I can't get my head round the concept that if your sulphate is over 150 then chloride must be below 50 as espoused by Martin on here a few times. . . . London (a significant brewing center) water has precisely that profile (in fact the chloride content has been reported as over 200mg/l in some breweries ) so Fullers et al must have been doing something right. I'm also not convinced that the argument regarding residual alkalinity (based on Kohlbachs 1950's paper) is truly representative of all conditions . . . . and the maths based on that, plus experimentally derived formulae incorporating that work while it may appear to be correct, again does not apply in all cases. I've done a series of test mashes using various water profiles and various grists, and generally each time the mash pH settles in the 5.2-5.7 range. The times it doesn't, at the extremes of grist and profile like stouts in near RO water, then a simple profile approach has remedied the situation. . . That simple approach when plugged into bru'nWater predicts a different mash pH to that achieved.

I do agree with you on forum posts becoming confusing, I must find the time to pull all mine together into one coherent article

[AnthonyUK]

I'm pretty sure Martin is not THAT critical regarding mineral content but I understand that some people find that there is a certain flavour profile if sulphate and chloride are both high which he does point out e.g.
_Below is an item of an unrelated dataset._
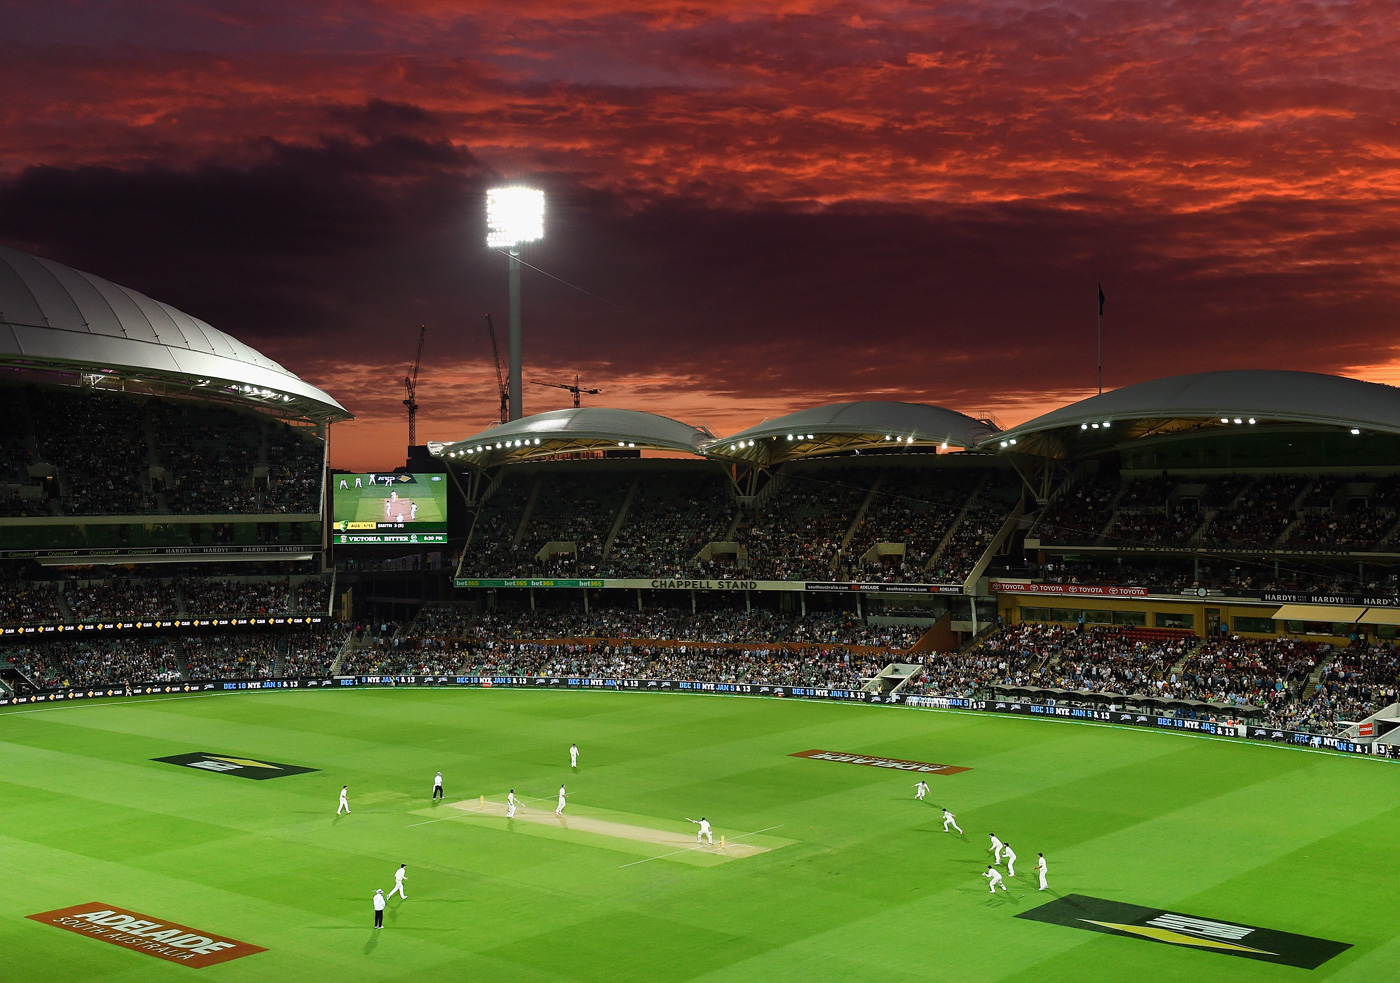 Sunset boulevard: a nocturnal future beckons for Test cricket
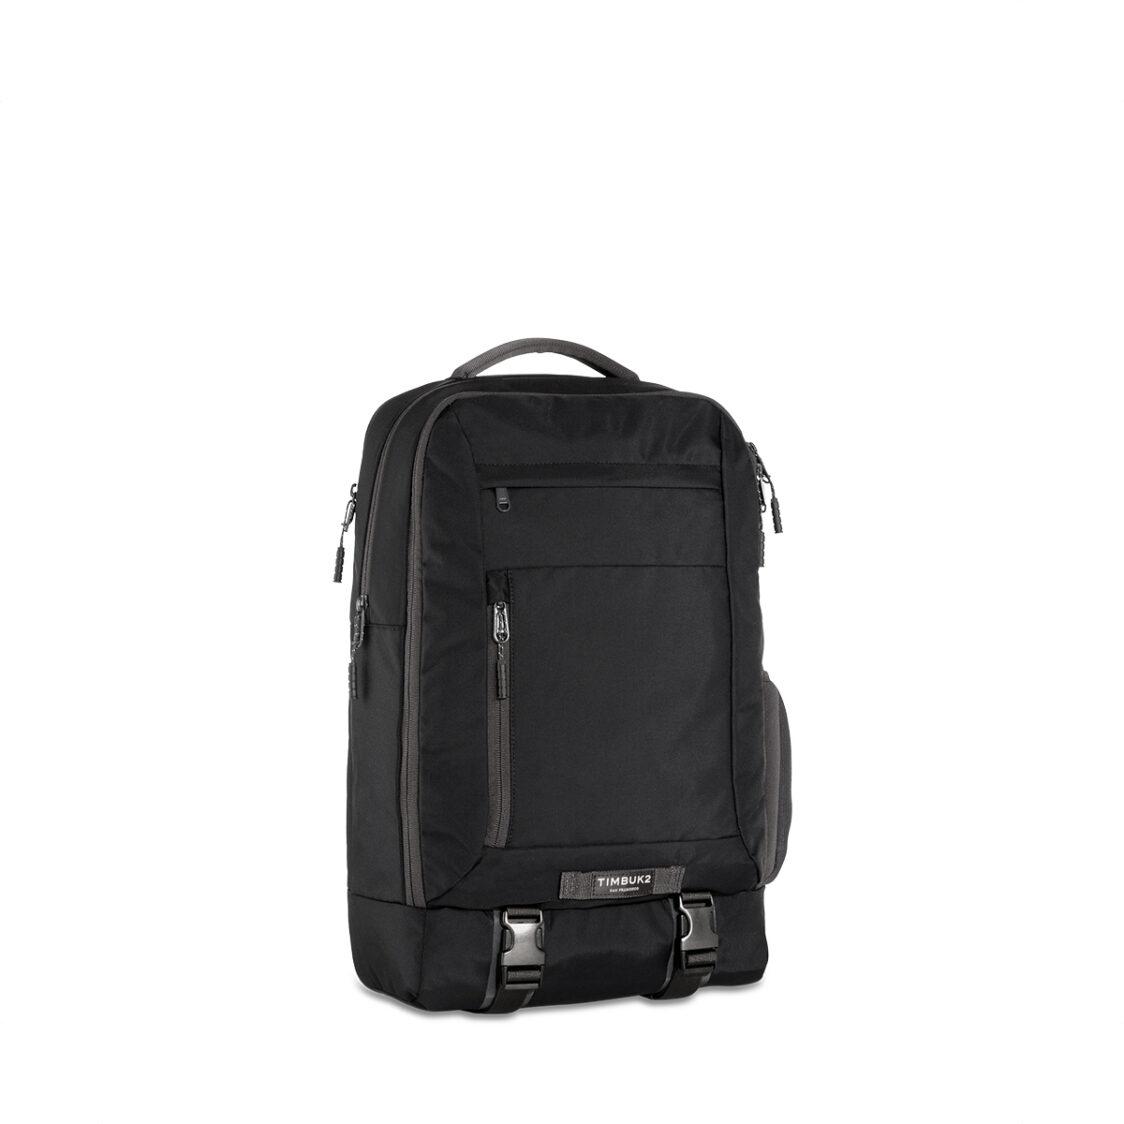 Timbuk2 Authority Laptop Backpack - Jet Black

BruNwater mentions phrases such as x should remain below y unless....
As with all thing people have to find there own preferences using the information available and through experience.

The topic of Burton comes up quite often but I've yet to see any definitive answer as to what exactly did the Burton breweries do to the water and the use of multiple wells on individual sites all with their own unique profile doesn't help.
As Burton is quite a unique area I don't tend to try to replicate geographical water profiles but rather the basics mentioned above.
For me Burtonisation tends to mean adjusting the water for brewing rather than replicating that areas water.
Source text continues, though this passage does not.